The defendants are county and municipal entities, employees of those entities, and two attorneys who represented Plaintiff for a time in his state criminal case. Plaintiff sues the defendants in their individual and official capacities for declaratory and injunctive relief. The complaint and supporting briefs allege that, on April 10, 2103, Plaintiff was removed from his vehicle, forced to the ground, and arrested without a warrant. Plaintiff states that he was taken to the Detroit Police Department for processing, but not informed of the reason for his arrest. On April 12, 2013, he was arraigned without the assistance of an attorney on charges of armed robbery, extortion, unlawful imprisonment, and home invasion in the first degree.

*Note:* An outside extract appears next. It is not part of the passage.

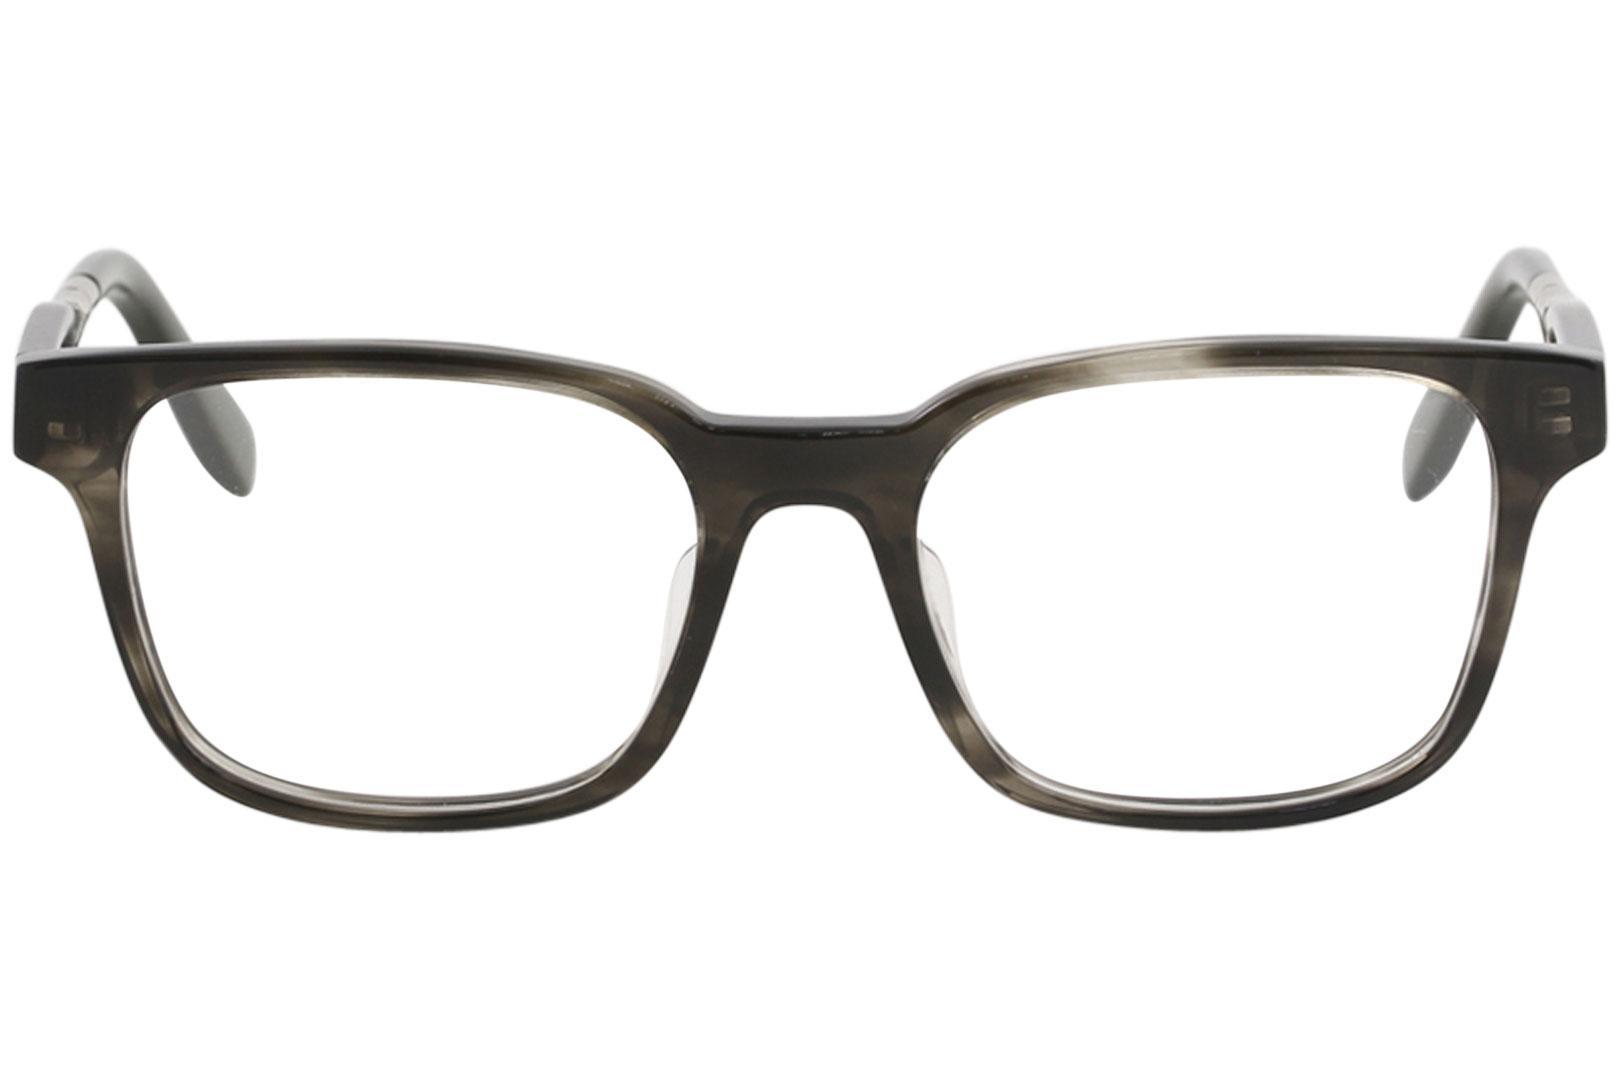 608787b72bb Salvatore Ferragamo Men s Eyeglasses SF2787 SF 2787 Full Rim Optical Frame  by Salvatore Ferragamo. 12345

Plaintiff claims that the police did not properly secure and collect evidence from the crime scene, the prosecution committed a fraud on the state court, and, at a preliminary hearing, witnesses made inconsistent and contradictory statements, which the prosecutor failed to correct. Additionally, according to Plaintiff, his attorneys were ineffective during certain pretrial stages of the prosecution.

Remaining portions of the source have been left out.